Rotimi Adelola (born 15 August 1958) is a Nigerian psychologist and film producer. Under the Administration of Olusegun Mimiko, he was appointed secretary to the Ondo State Government, a position which he held from 2009 to 2017. As a Psychologist, he worked across the following sectors: academia, manufacturing, consultancy, financial services, oil & gas and the public sector.

==Early life and education==
Rotimi Adelola was born on 15 August 1958, at Ondo City in Ondo State, Nigeria.
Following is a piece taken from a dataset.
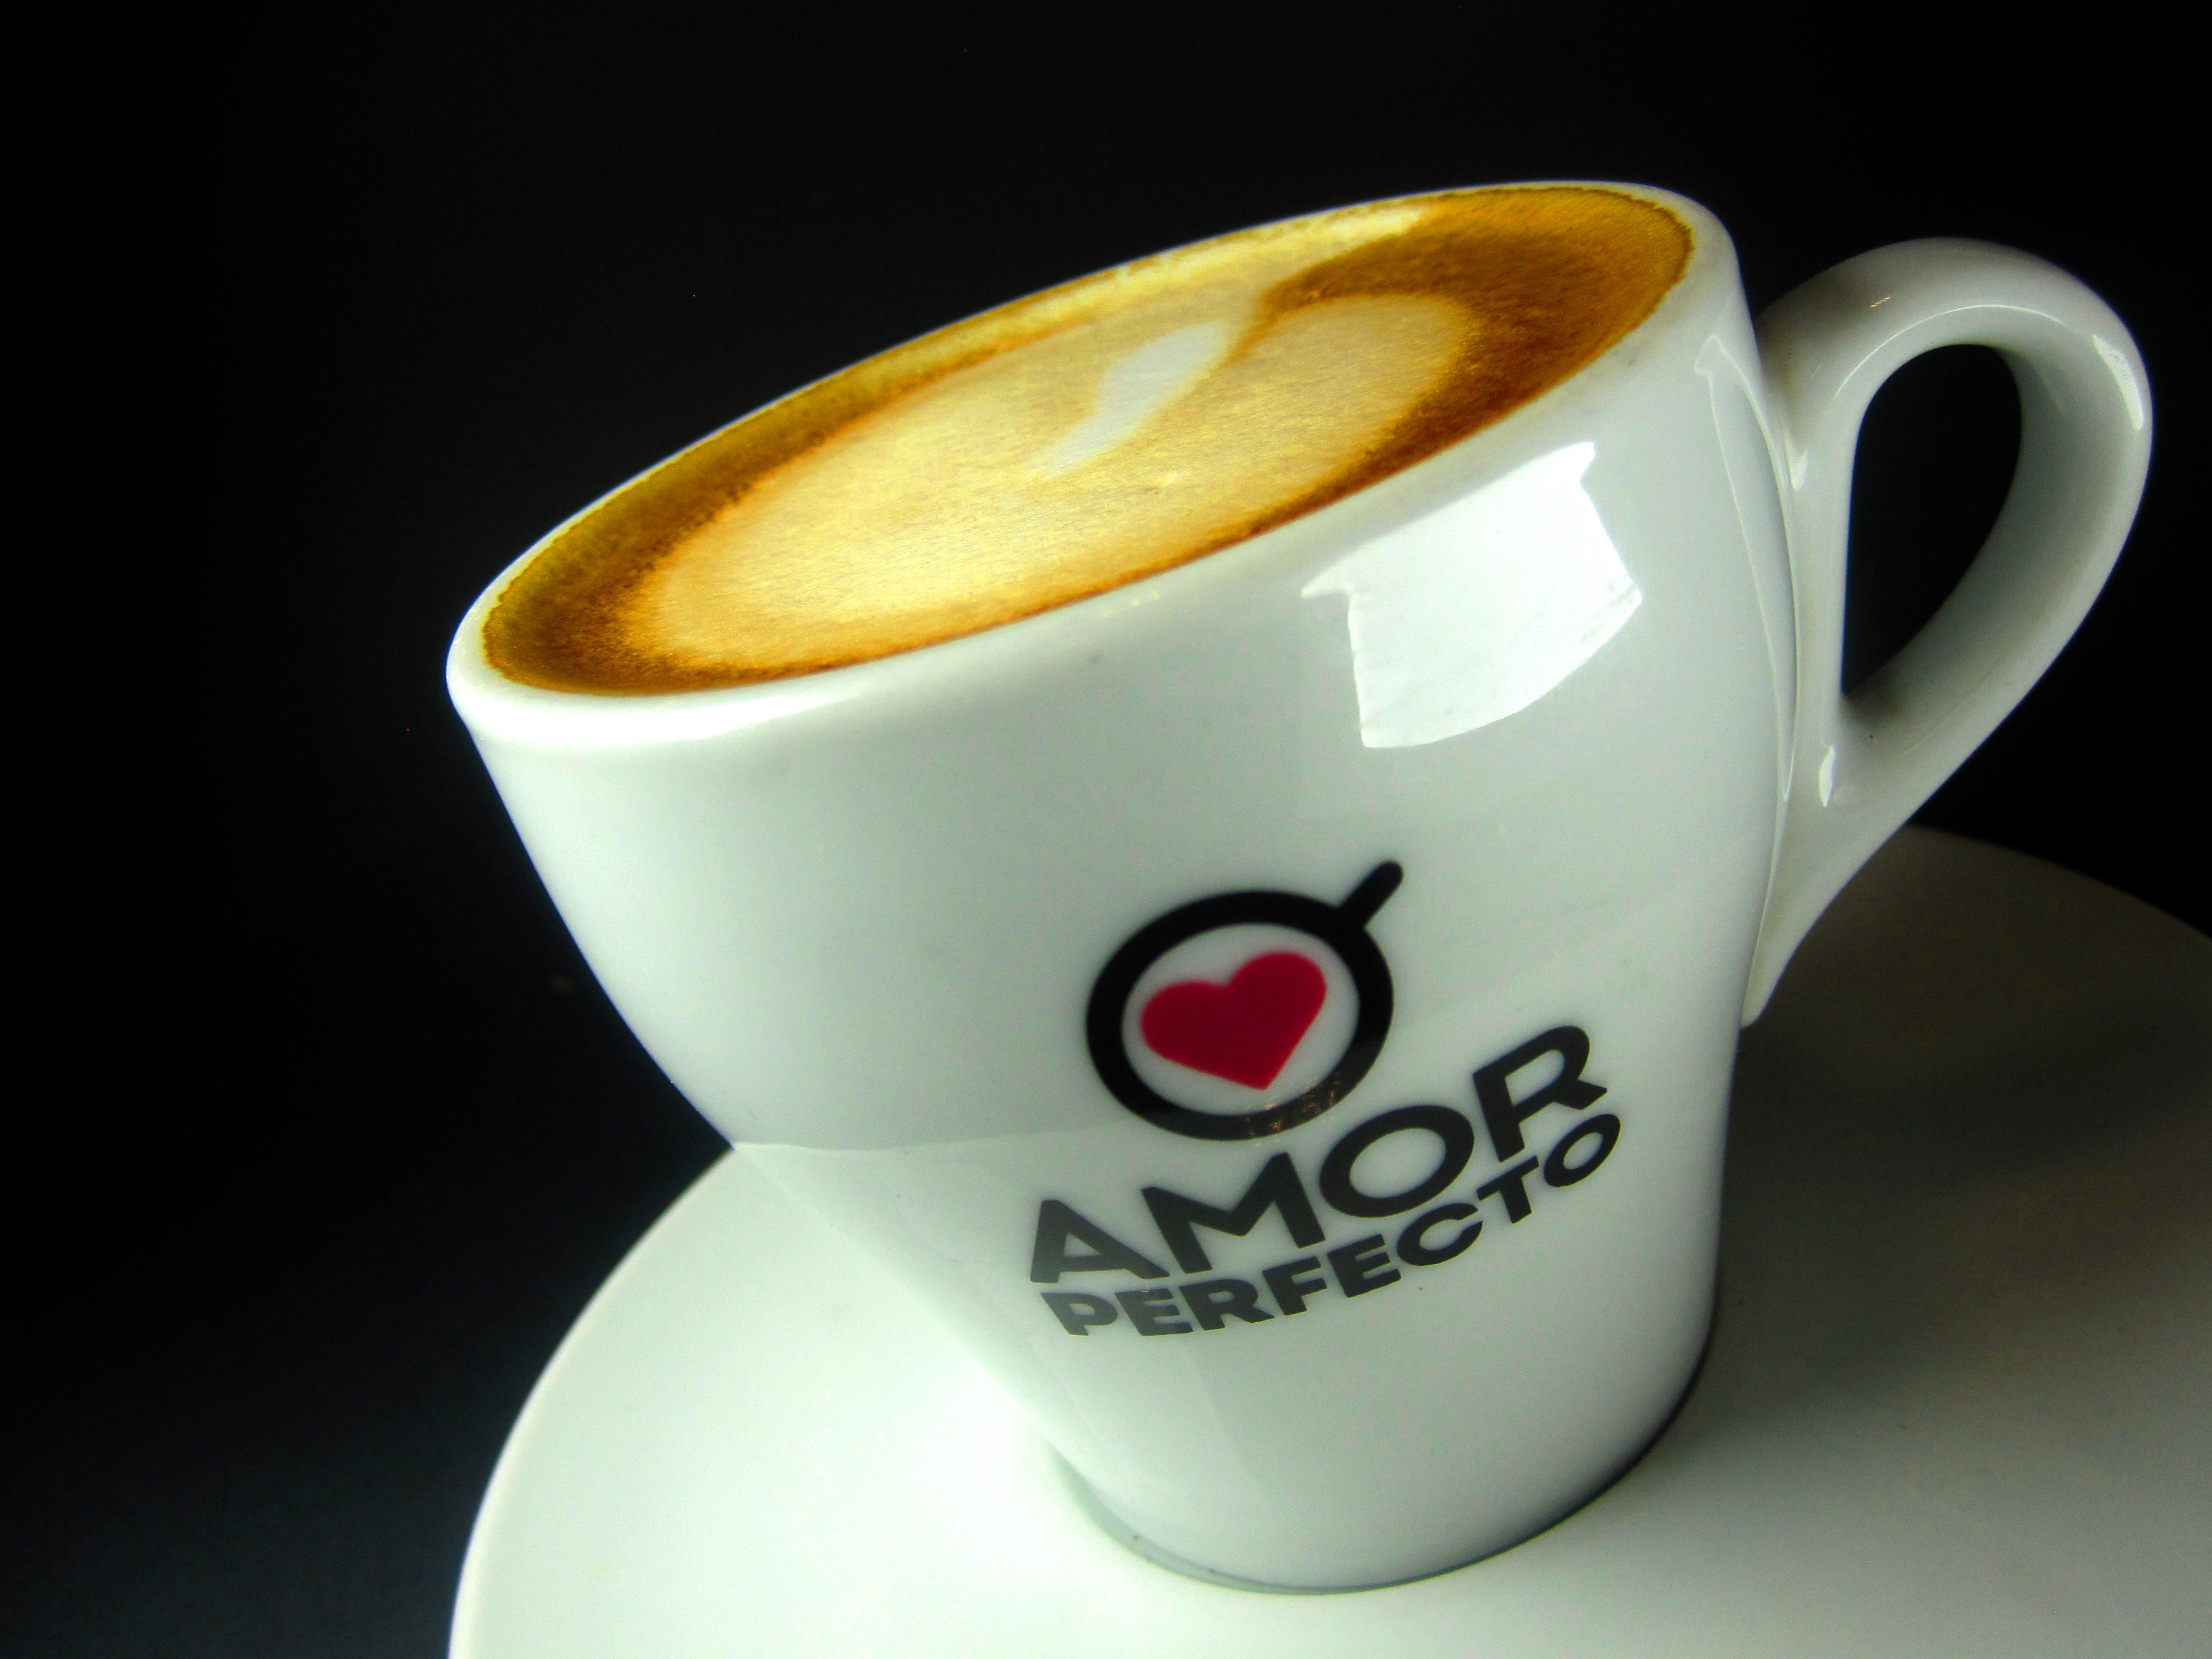 AMOR PERFECTO COFFEE

Although he was born in Ondo City, his ancestral origin is Araromi-Obu and he is a Prince of the ancient kingdom. He holds a Ph.D. in Organisational Psychology from the University of Ibadan. Earlier, he obtained M.Sc. in psychology from the University of Lagos and a B.Sc. degree (2nd class upper) in Social Sciences from the University of Ife (now Obafemi Awolowo University). Dr. Rotimi Adelola is an alumnus of the International Development Ireland, Dublin, the London Management School and the Harvard-Kennedy School of Government, Harvard University USA.

==Filmmaking==
Immediately after leaving office in 2017, he attended Mainframe Media And Film Institute owned by Tunde Kelani in Abeokuta, Nigeria and he was trained as a Film Producer. His production studio, NUMBER 9 Film Studio released his second movie, The New Patriots, on 11 June 2021 in Nigeria.